東京工芸大学が新入生に対して10年間にわたり行った調査によると、年度により多少のばらつきがありますが、

男子が平均28~29回、女性が平均16~21回程度という結果になっています(※1)。

ただし、この平均結果にはある程度の幅があるということを注意すべきでしょう。

腕立て伏せの平均回数の注意1)年齢によって異なる

この調査はおおよそ18、19歳の人を対象に行っています。そこまで大きな力を必要としない自重トレーニングという意味では、基礎体力があるのにまだ体重が軽いこの年齢では多くなる傾向になります。

一般的に20代後半や30代になると男子で20回程度、女性では10回以下というのが多いです。

腕立て伏せの平均回数の注意2)個人差が大きく両極化する

腕立て伏せに必要なのは自重以上の筋力と、その持久力です。

例えば、体重が60kgで自重の腕立て伏せの負荷が30kgの人の場合、筋力が29kgでは0回になりますが、

筋力が35kgであれば、おそらく10回~20回以上
筋力が40kgであれば30~40回以上

できてしまいます。よって腕立て伏せの平均は0回の人とたくさん回数できる人の両極化して、ばらつきのある値の平均値ということになります。

腕立て伏せの回数を増やす方法

ここでは、腕立て伏せの回数を増やしたい人向けに腕立て伏せの回数を増やす方法を紹介します。

腕立て伏せの回数を増やすのに重要なのは持久力

腕立て伏せの回数を増やす上で必要なのは筋持久力という要素です。これは、筋肉に負荷をかけた時にその負荷にどれぐらい長く耐えられるかという要素です。
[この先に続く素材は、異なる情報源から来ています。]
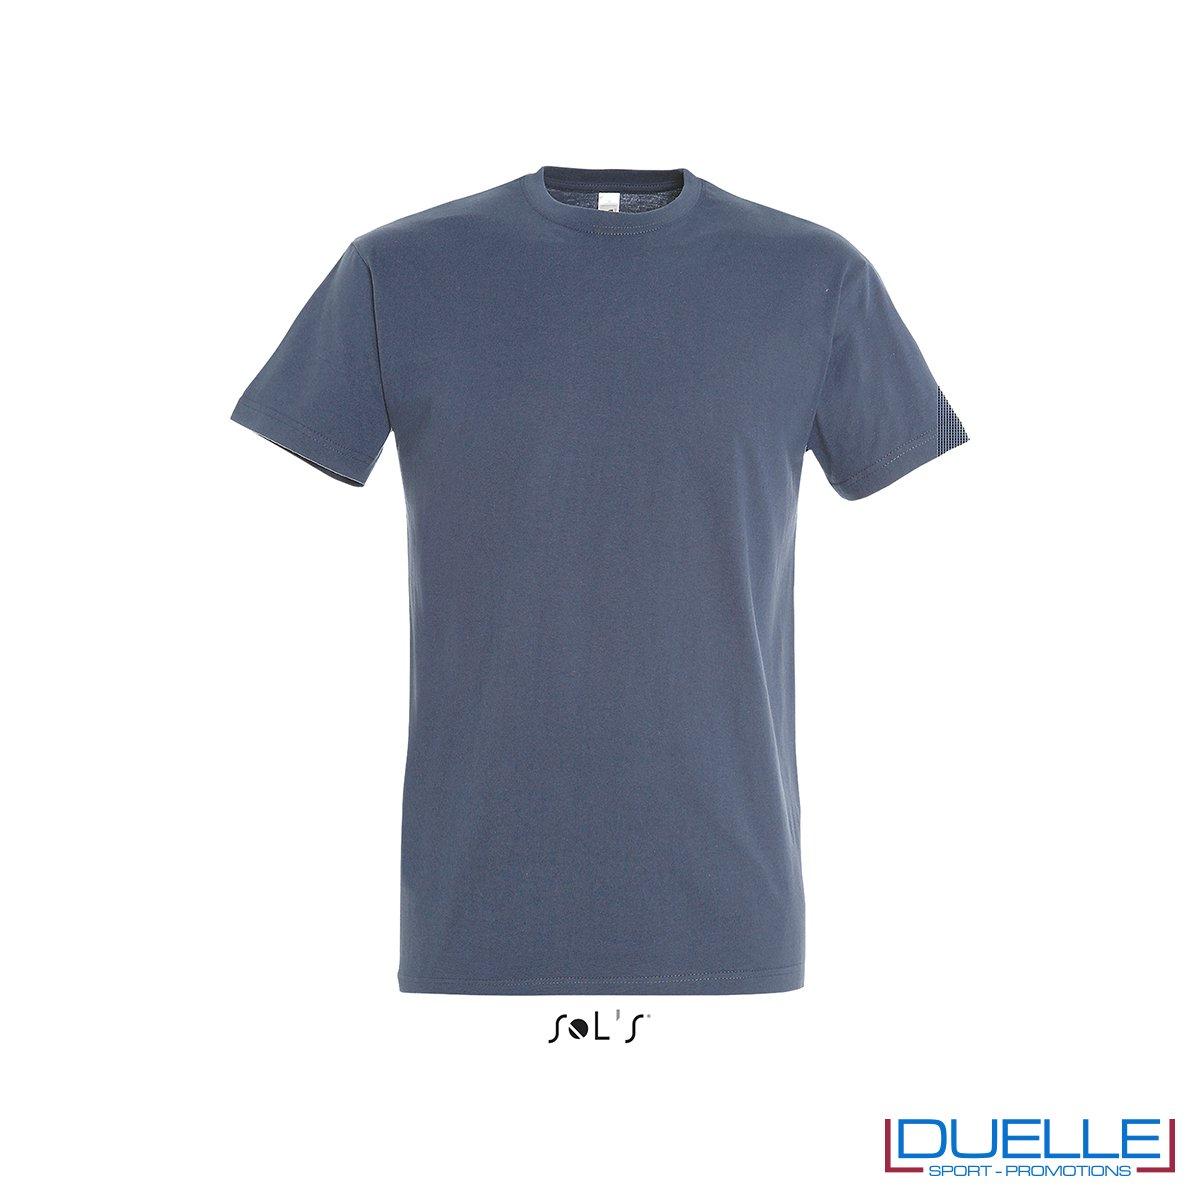 Maglietta personalizzata in cotone pesante colore denim personalizzata con stampa o ricamo

よってベンチプレスなどの種目をやって筋力を増やしても意味はありません。

腕立て伏せの回数を増やすやり方

1. 限界の回数まで腕立て伏せをする(回数を測る)
2. 限界がきたら、やめずに腕立て伏せの体を下げた状態で限界までキープ(秒数を測る)
3. 3分間休憩
4. また同様に、1と2を行う
5. 5分間休憩
6. また同様に1と2を行う

このように、「限界まで腕立て伏せ→ポーズをキープ」を3セット行います。これを週に2、3回程度、筋肉痛が治ってから行いましょう

回数と秒数は記録しておいて、その日のセット目の回数は前回よりも最低でも1回は多くしましょう。

腕立て伏せの回数と平均に関するまとめ

腕立て伏せの平均回数にはかなりのばらつきがあるということ。そして、高回数を行うのはあまり意味がないということがわかりました。

自分の達成感のためならこう回数をできるようになるのも良いですが、体を変えたいなら体を変える用の筋トレやダイエットを行うことをおすすめします。